Dr. Compeer has a paper that was supported by SYECT that was just accepted at Nature Immunology documenting the effects of enforced Foxo1 nuclear localisation on immunological synapse formation. Constitutively active Foxo1 keeps T cells in a metabolically quiescent state even when they are forced to enter cell cell cycle and attempt differentiation. This leads to T cells in which the plasma membrane composition is deficient in cholesterol. These quiescent effector cells have a defect in generation of a cSMAC- the structure containing the synaptic ectosomes. Addition of cholesterol corrects the defect, confirming other recent work the synaptic ectosome formation requires cholesterol and may be modulated by targeted reduction of plasma membrane cholesterol in T cells."
The objectives of the project were to:
1) isolate synaptic ectosomes from human T cells and determine their molecular composition.
Our initial proposal for a method to capture and isolate synaptic ectosomes was not successful, but we were able to work out an alternative approach based on use of plain glass beads and fluorescence based particle sorting, which can be carried out at a high speed. With this method, we have performed unbiased proteomics analysis of vesicles from human T cells and a candidate based analysis of antibody staining of the vesicles to determine their internal and surface composition. We have also used super-resolution microscopy to determine the composition of vesicles and the distributions of four proteins- the T cell antigen receptor, tetherin, CD40L and ICOS in relation to the vesicles. This has been done using 3-color storm, which is a state of the art methods that is superior to the correlative light and electron microscopy approach we applied in our initial description of synaptic ectosomes.

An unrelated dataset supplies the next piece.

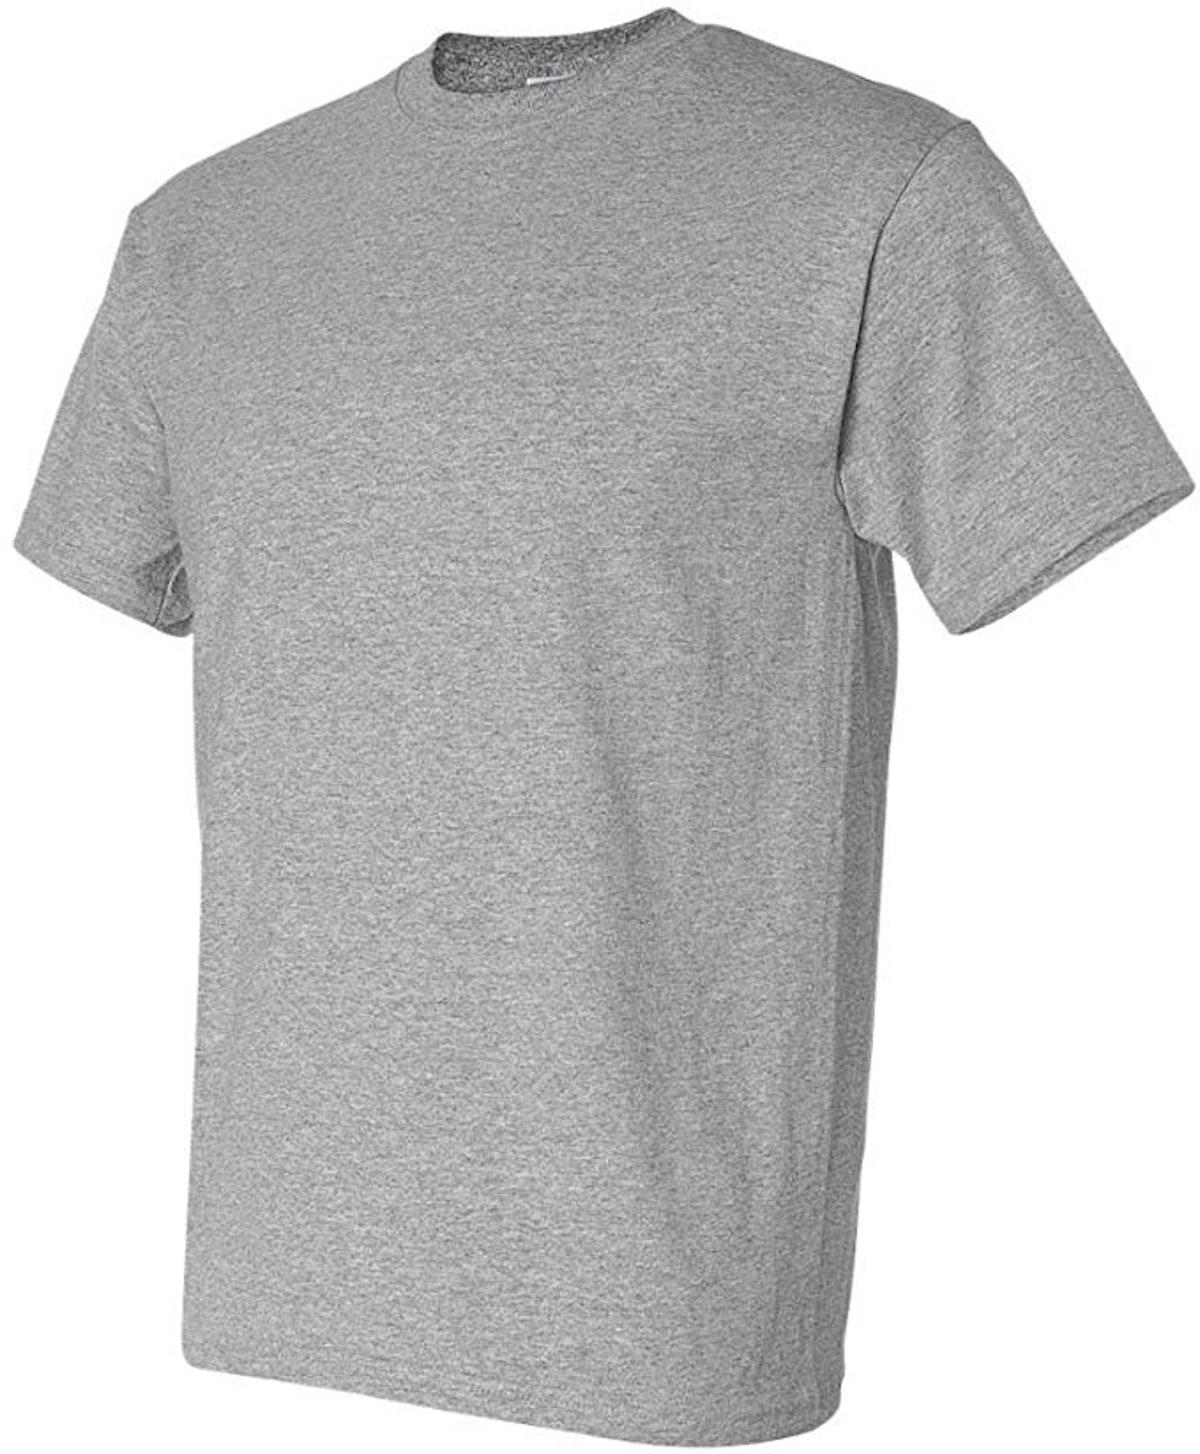 Gildan G800 DryBlend Short Sleeve T-Shirt

2) determine the functional impact of synaptic ectosomes on the antigen presenting cell.
We have also started to evaluate the function of the vesicles isolated from single T cells by imaging the response of human dendritic cells. We have been able to verify potent dendritic cell activation that is dependent upon CD40L carried in the synaptic ectosomes in the presence of CD40 in the eliciting bilayer.

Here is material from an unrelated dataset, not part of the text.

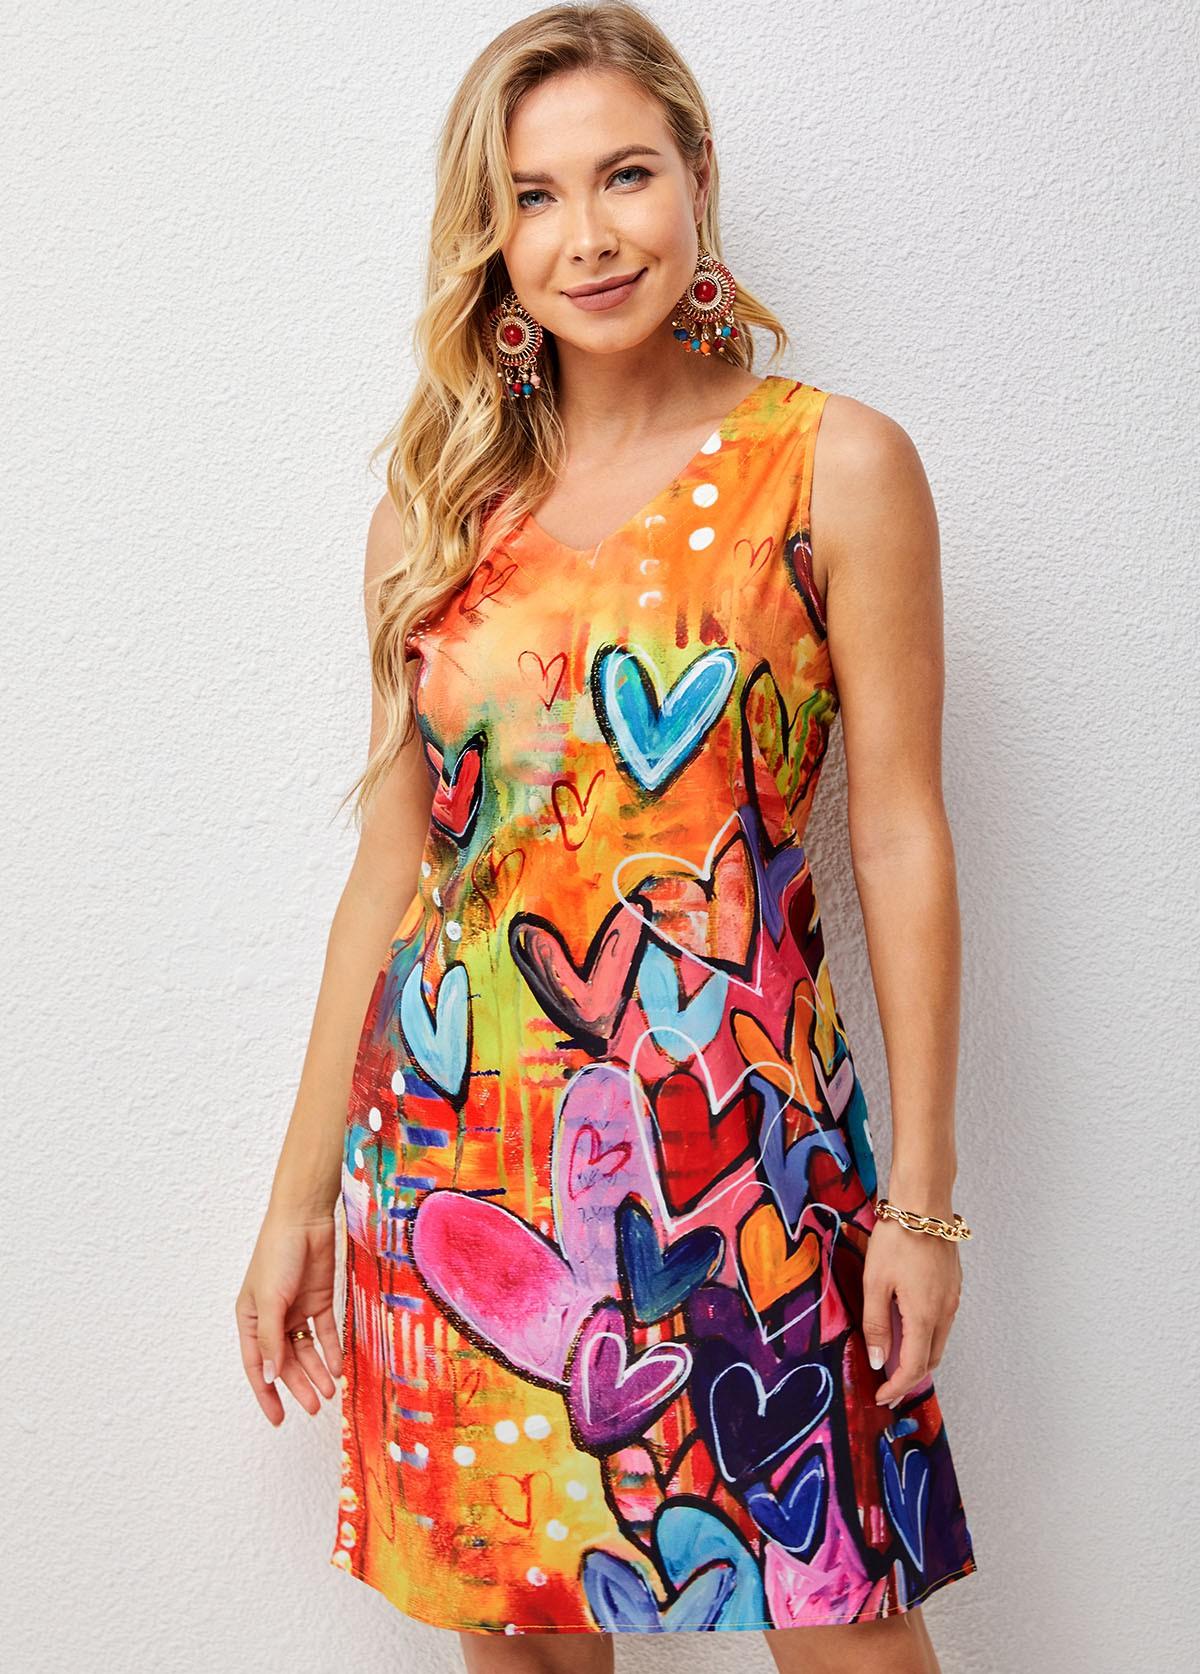 V Neck Sleeveless Heart Print Dress

3) use gene targeting to control the process in vivo to understand its role in T function of helper, cytotoxic and regulatory T cells.
We have obtained and backcrossed TSG101 conditional knockout mice onto the B6 background and will be ready to start in vivo experiments soon.
The demonstration that CD40L is in synaptic ectosomes has immediate implications for vaccine design. There was already a notion in the field that CD40L, which exists in nature at a trimer, was insufficient for some functions and various artificial ways to increases its valence results in higher activity. Our results suggest that CD40L resides on vesicles with TCR that are transferred to B cells in the germinal center. Thus, the natural form of CD40L may have an even higher valence than various synthetic constructs with up to 12 CD40L monomers per unit.
The method that we are currently using allows us to capture vesicles that are otherwise normally directly consumed by antigen presenting cells. Thus, its an intercepted message that allows us to spy on the communication between T cells and B cells. This mode of communication was not previously appreciated and our ability to eavesdrop on this process will give us a new tool in developing new biomimetic therapies.